8.2 Cache token tracking
The TokenUsage struct in session/ already reserves cache_read and
cache_write fields. StreamEvent must be extended:
StreamEvent::CacheReadTokens(u32),
StreamEvent::CacheWriteTokens(u32),
The Anthropic message_start event contains usage.cache_read_input_tokens and
usage.cache_creation_input_tokens.

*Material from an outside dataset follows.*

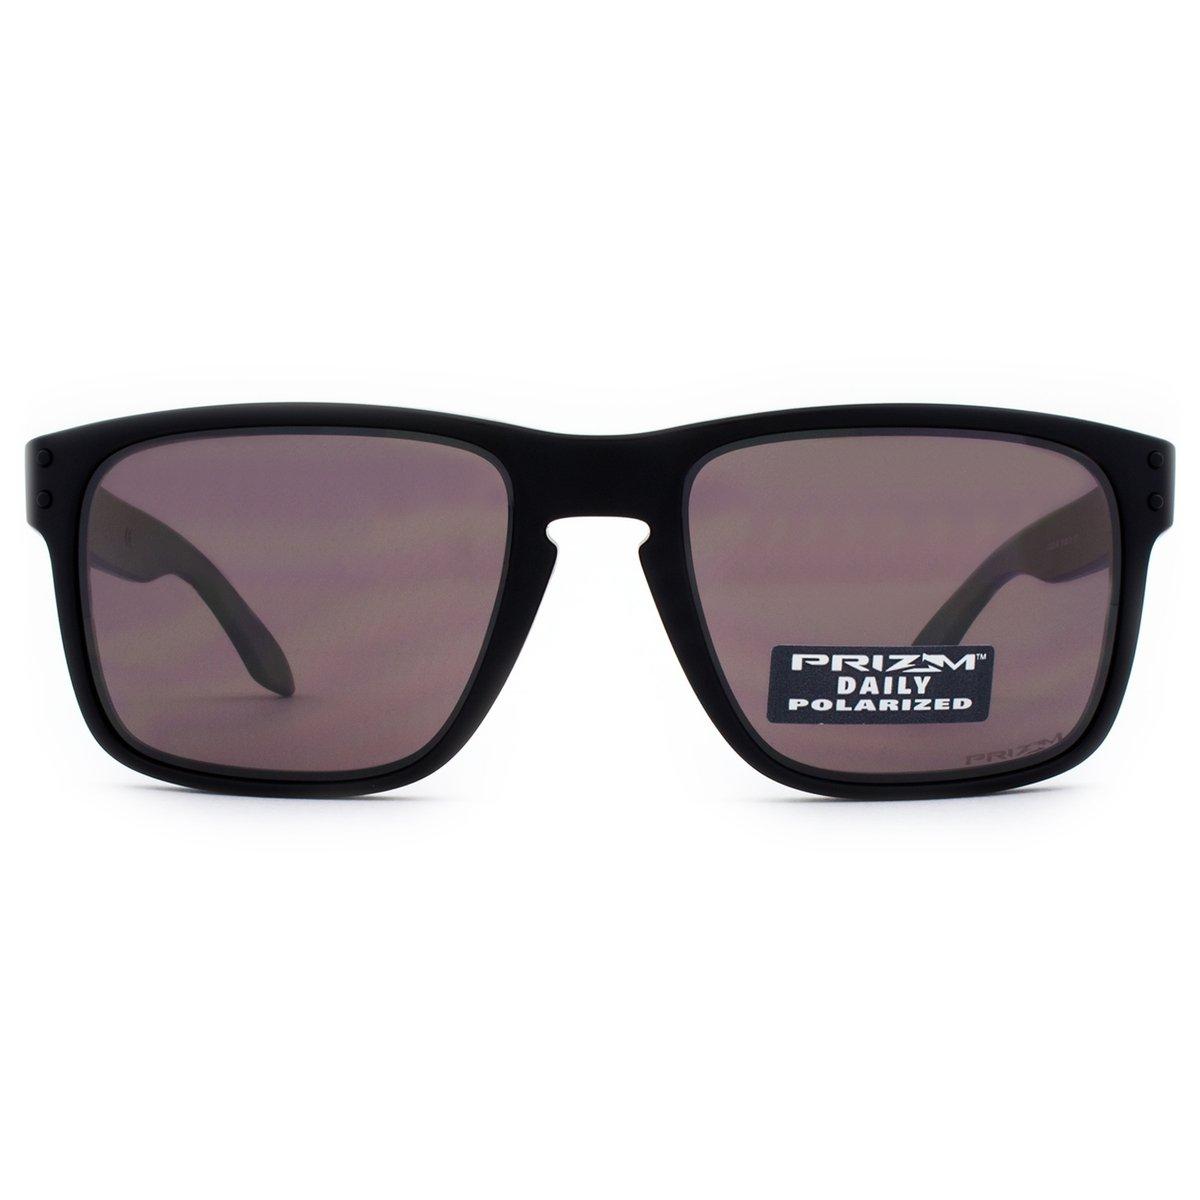 2841d63e72edb Óculos Oakley Holbrook Polarizado OO9102 90 55 - Compre Agora

Parse these and emit the new variants.
8.3 Status bar update
Add cache tokens to the status bar display: i:1234(c:800) o:567.
8.4 Tests
- Provider unit test: replay a fixture that contains cache token fields; assert the new StreamEvent variants are emitted.
- Snapshot test: status bar renders cache token counts correctly.
Dependency Graph
Phase 1 (tarpc executor)
|
+-- Phase 2 (session logging) -- orchestrator refactor is complete
| |
| +-- Phase 3 (token tracking) -- requires session TokenUsage struct
| |
| +-- Phase 7 (sub-agents) -- requires session parent_session_id
|
+-- Phase 7 (sub-agents) -- spawn_local reuse is natural after Phase 1
Phase 4 (expand/collapse) -- independent, can be done alongside Phase 3
Phase 5 (leader key) -- independent, prerequisite for Phase 6
Phase 6 (planning mode) -- requires Phase 5 (leader key chord <Space> p)
-- benefits from Phase 1 (separate executor per activity)
Phase 8 (prompt caching) -- requires Phase 3 (cache token display)
Recommended order: 1 -> 2 -> 3 -> 4 -> 5 -> 6 -> 8, with 7 after 2 and 6.
Files Touched Per Phase
| Phase | New Files | Modified Files |
|---|---|---|
| 1 | src/executor/mod.rs |
src/core/orchestrator.rs, src/core/types.rs, src/app/mod.rs, Cargo.toml |
| 2 | src/session/mod.rs |
src/core/orchestrator.rs, src/app/mod.rs |
| 3 | -- | src/core/types.rs, src/core/orchestrator.rs, src/tui/events.rs, src/tui/render.rs |
| 4 | -- | src/tui/mod.rs, src/tui/render.rs, src/tui/events.rs, src/tui/input.rs |
| 5 | -- | src/tui/input.rs, src/tui/render.rs, src/tui/mod.rs |
| 6 | src/tools/ask_user.rs |
src/core/types.rs, src/core/orchestrator.rs, src/tui/mod.rs, src/tui/input.rs, src/tui/render.rs, src/app/mod.rs |
| 7 | -- | src/executor/mod.rs, src/core/orchestrator.rs, src/tui/render.rs, src/tui/input.rs |
| 8 | -- | src/provider/claude.rs, src/core/types.rs, src/session/mod.rs, src/tui/render.rs |
New Dependencies
| Crate | Phase | Reason |
|---|---|---|
tarpc |
1 | RPC service trait + in-process transport |
uuid |
2 | LogEvent ids |
chrono |
2 | Event timestamps (check if already transitive) |
No other new dependencies are needed. All other required functionality
(serde_json, tokio, ratatui, tracing) is already present.